Sometimes an organisation will publish a spreadsheet where only a part of the full data is shown when you select from a drop-down menu. In order to get all the data, you’d have to manually select each option, and then copy the results into a new spreadsheet.
It’s not great.
In this post, I’ll explain some tricks for finding out exactly where the full data is hidden, and how to extract it without getting Repetitive Strain Injury. Here goes…

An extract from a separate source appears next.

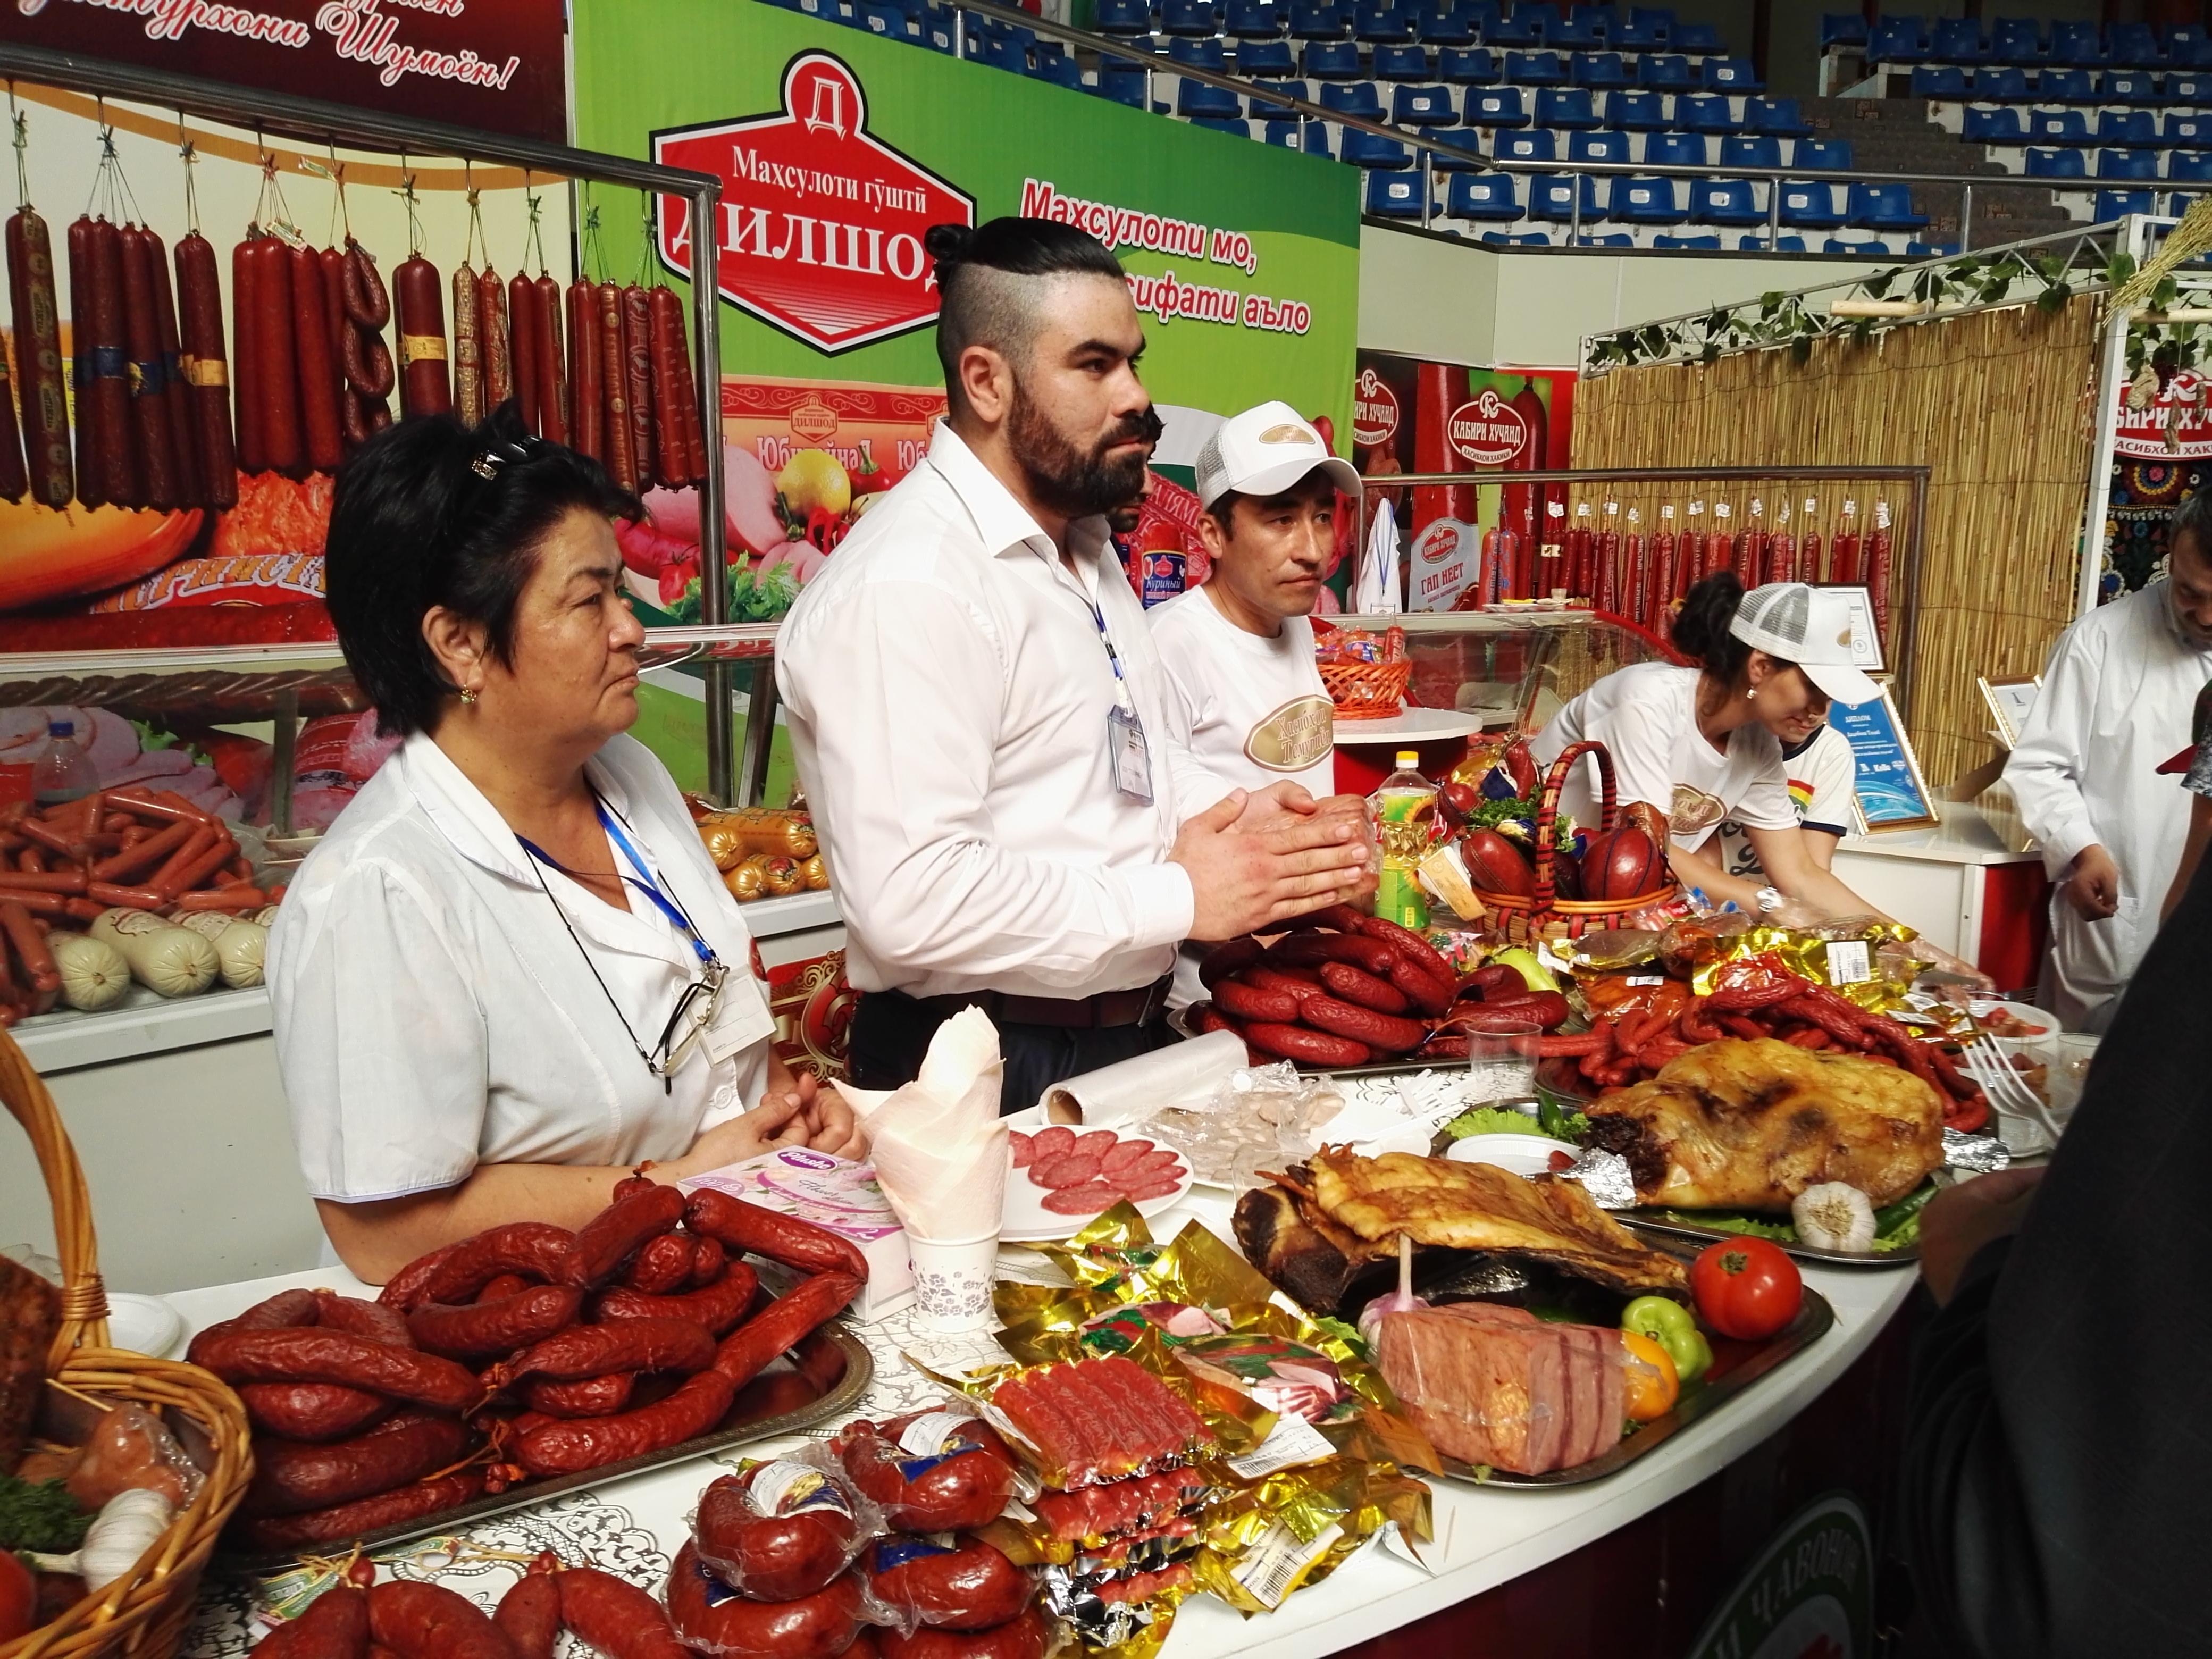 Таджикские производители готовы отвечать на вопросы и раздавать образцы местных колбасных изделий на ярмарке «Сугд-2017». Худжанд, 17 июня. [Негматулло Мирсаидов]

The spreadsheet I’m using here is pretty straightforward: it’s a list of the populations for each fire and rescue authority in the UK (XLS). These figures are essential for putting any story about fires into context (giving us a per capita figure rather than just whole numbers) — and yet the authority behind the spreadsheet has made it very difficult to extract those numbers.
The population for each fire authority is on the second sheet of the workbook. The sheet defaults to figures for the population of England from 1971 to 2016 — to get the data for every authority in this spreadsheet you have to select another 50 different options from a dropdown menu, one by one.
There must be a better option.
Where is the data?
The first step is to click on one of the cells containing the numbers you want — the numbers that change when a different option is selected from the drop-down menu.
When selected, look in the formula bar above the sheet (but below any menus) — highlighted with the red box in the image above.
The box will probably contain a formula that provides a clue to the location of the missing data. This one is quite a mouthful — but you don’t have to understand it to spot the name of a sheet which is not visible:
=IF(HLOOKUP($B$4,'rawdata and checks'!$B:$BB,A6-1969,FALSE)="..","..",ROUND(HLOOKUP($B$4,'rawdata and checks'!$B:$BB,A6-1969,FALSE),-2))
The formula is looking in a sheet called
'rawdata and checks' (the exclamation point is a useful clue to look for). That must be where the data is located. But this spreadsheet doesn’t have a sheet with that name — or at least one that we can see.
It must be hidden…
Find a hidden sheet in Excel
Instructions on how to hide a sheet in Excel — and, more importantly, how to unhide them — can be found in this Microsoft Office article.
In some instances that will be the end of the process. However, in this particular example the instructions don’t work — possibly because, as a note on that page explains:
“Note: If worksheets are hidden by Visual Basic for Applications (VBA) code that assigns the property xlSheetVeryHidden, you cannot use the Unhide command to display those hidden sheets. If you are using a workbook that contains VBA macros and you encounter problems when working with hidden worksheets, contact the owner of the workbook for more information.”
Alternatively, the hidden information may have been removed using the document inspector.
So we need a different approach…
Experiment with cell references to the hidden sheet
Let’s go back to the formula which is fetching the data from that hidden sheet. If that formula can fetch the data, then perhaps we can create more formulae which will cumulatively fetch all of it.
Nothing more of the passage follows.